If the problem continues:
1. Ask your system administrator to add disk space to the relevant file systems.
2. If more disk space cannot be added, contact the Cisco Technical Assistance Center for information on how to reduce history size. This will not change the disk usage, but will eliminate the need to add disk space.
Oracle database Tablespace Usage Alerts
Note You can change the thresholds by editing the TS_ALERTS.prm file. Prime Network will use the new threshold numbers when it performs the next hourly cron job.
If a tablespace exceeds its capacity, Prime Network will add a new data file to the tablespace. Prime Network will generate an hourly system event until the problem is fixed. If the problem continues, do the following:
1. If you have the required disk space, add data files using the
add_storage_for_tablespace.pl
utility. See Adding Database Files to a Specific Tablespace (add_storage_for_tablespace.pl).
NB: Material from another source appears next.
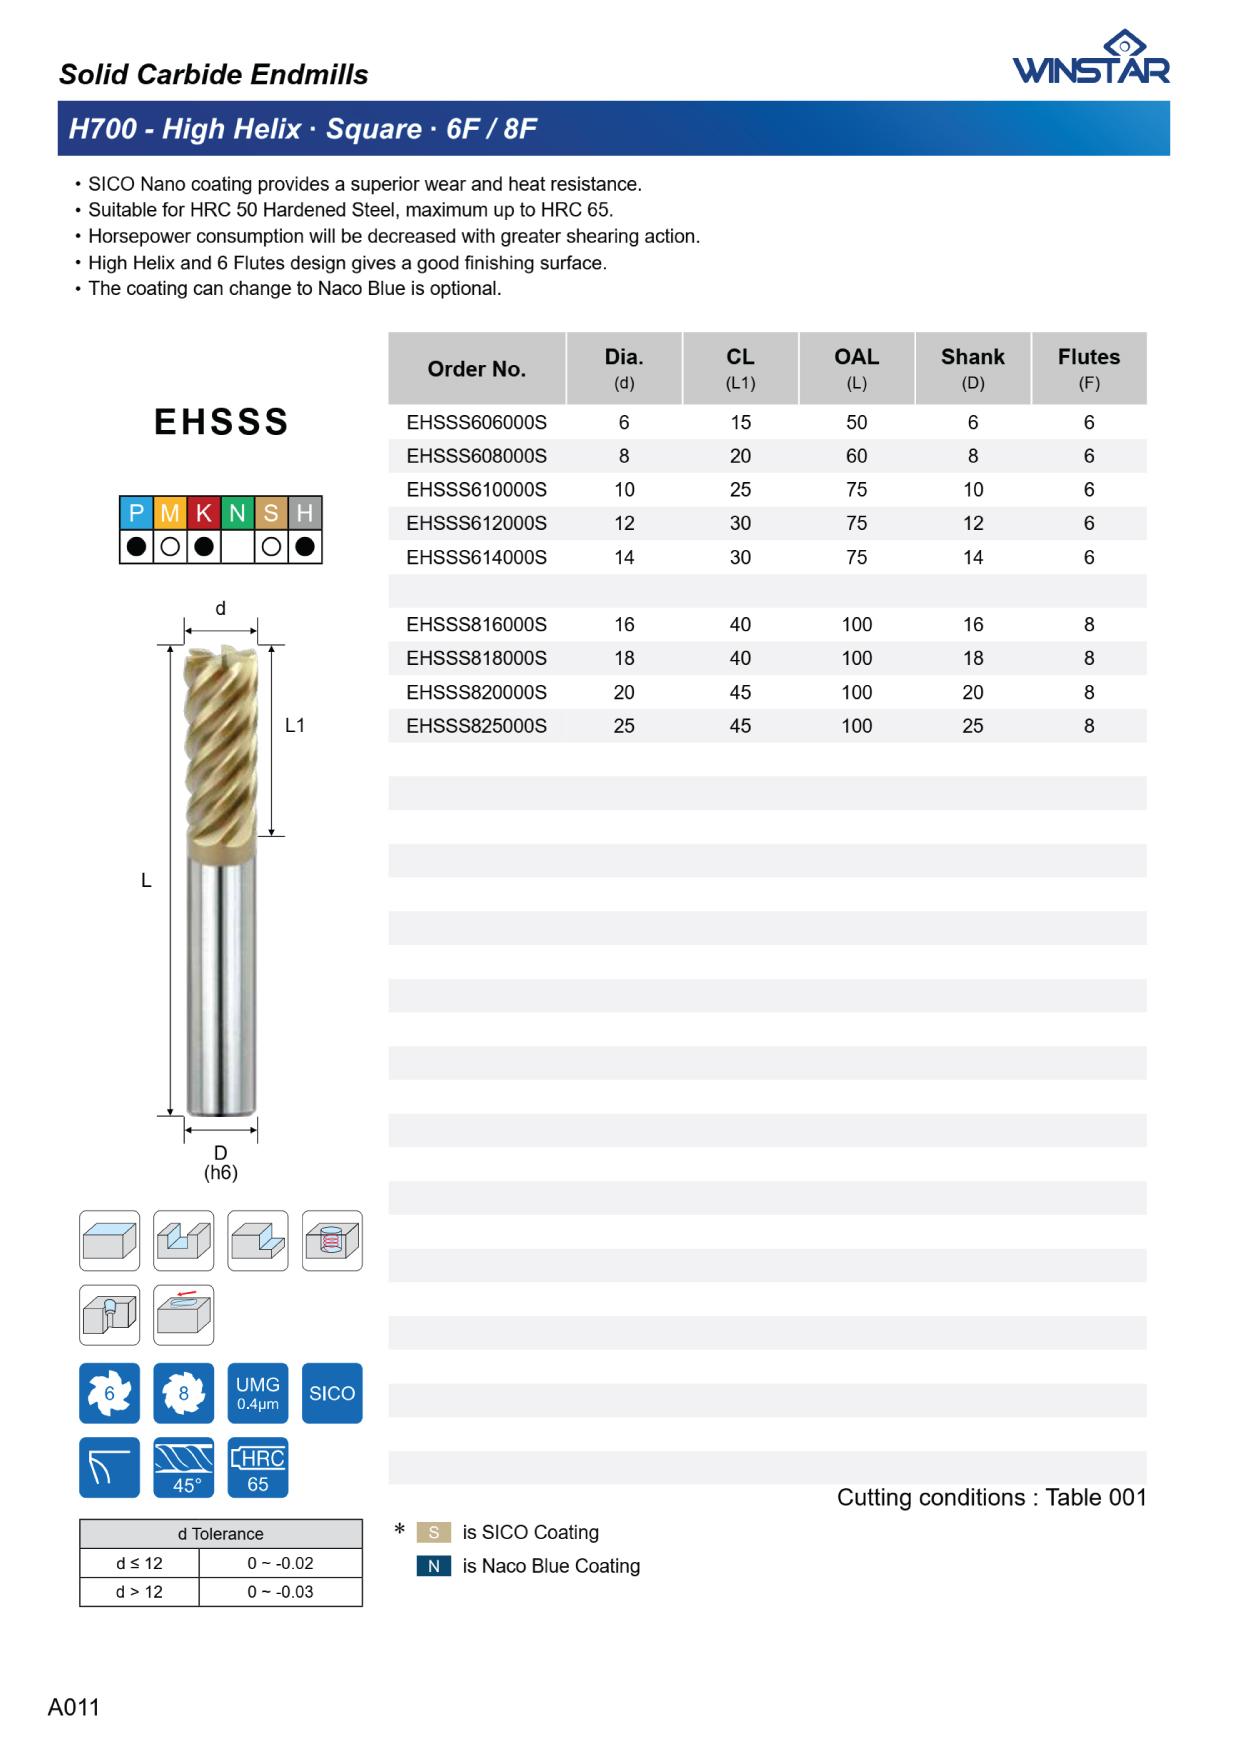 Dao Phay Nhôm High PerforDao Phay High Helix 6F-8F Winstar EHSSS Series H700 1mance Winstar A100 ENSSB 1

2. Contact the Cisco Technical Assistance Center.
Oracle Errors Monitored by Prime Network
Table 8-6
lists the Oracle errors that are monitored by Prime Network. If you receive any of the following errors, contact the Cisco Technical Assistance Center (TAC).
Table 8-6 Oracle Database Function Error Messages
|
|
ORA-00600: internal error code, arguments: [string], [string], [string], [string], [string], [string], [string], [string]
|
This is the generic internal error number for Oracle program exceptions. This indicates that a process has encountered an exceptional condition.
|
ORA-00604: error occurred at recursive SQL level string
|
An error occurred while processing a recursive SQL statement (a statement applying to internal dictionary tables).
|
ORA-00050: operating system error occurred while obtaining an enqueue
|
Could not obtain the operating system resources necessary to cover an oracle enqueue. This is normally the result of an operating system user quota that is too low.
|
ORA-00052: maximum number of enqueue resources (string) exceeded
|
Ran out of enqueue resources.
|
ORA-00053: maximum number of enqueues exceeded
|
Ran out of enqueue state objects.
|
ORA-00055: maximum number of DML locks exceeded
|
Ran out of DML lock state objects.
|
ORA-00059: maximum number of DB_FILES exceeded
|
The value of the DB_FILES initialization parameter was exceeded.
|
ORA-00060: deadlock detected while waiting for resource
|
Transactions deadlocked one another while waiting for resources.
|
ORA-00250: archiver not started
|
An attempt was made to stop automatic archiving, but the archive process was not running.
|
ORA-00255: error archiving log string of thread string, sequence # string
|
An error occurred during archiving.
|
ORA-00257: archiver error. Connect internal only, until freed
|
The archiver process received an error while trying to archive a redo log. If the problem is not resolved soon, the database will stop executing transactions. The most likely cause of this message is the destination device is out of space to store the redo log file.
|
ORA-01033: ORACLE initialization or shutdown in progress
|
An attempt was made to log on while Oracle is being started up or shut down.
|
ORA-01035: ORACLE only available to users with RESTRICTED SESSION privilege
|
Logins are disallowed because an instance started in restricted mode. Only users with RESTRICTED SESSION system privilege can log on.
|
ORA-01110: data file string: (string)
|
Reports the file name. This error accompanies other errors that explain the problem associated with this file.
|
ORA-01116: error in opening database file (string)
|
At attempt to open a database file failed. Most likely the file is inaccessible. Accompanying errors will provide the file name.
|
ORA-01520: number of data files to add (string) exceeds limit of string
|
CREATE TABLESPACE statement specifies more files than is permitted for this database.
|
ORA-01536: space quota exceeded for tablespace 'string'
|
The space quota for the segment owner in the tablespace has been exhausted and the operation attempted the creation of a new segment extent in the tablespace.
|
ORA-01652: unable to extend temp segment by num in tablespace name
|
Most likely due to failing to allocate an extent for the temporary segment in the tablespace.
|
ORA-01659: unable to allocate MINEXTENTS beyond string in tablespace string
|
Failed to find sufficient contiguous space to allocate MINEXTENTS for the segment being created.
|
ORA-27041: Unable to open file
|
An attempt to open a file failed. Check the accompanying error messages for the file name.
|
ORA-27100: shared memory realm already exists
|
Tried to start duplicate instances, or tried to restart an instance that had not been properly shut down.
|
ORA-27102: out of memory
|
—
|
ORA-27103: internal error
|
—
|
ORA-27146: post/wait initialization failed
|
OS system call failed.
|
Stopping, Starting, and Changing Oracle Embedded Database Settings (emdbctl Utility)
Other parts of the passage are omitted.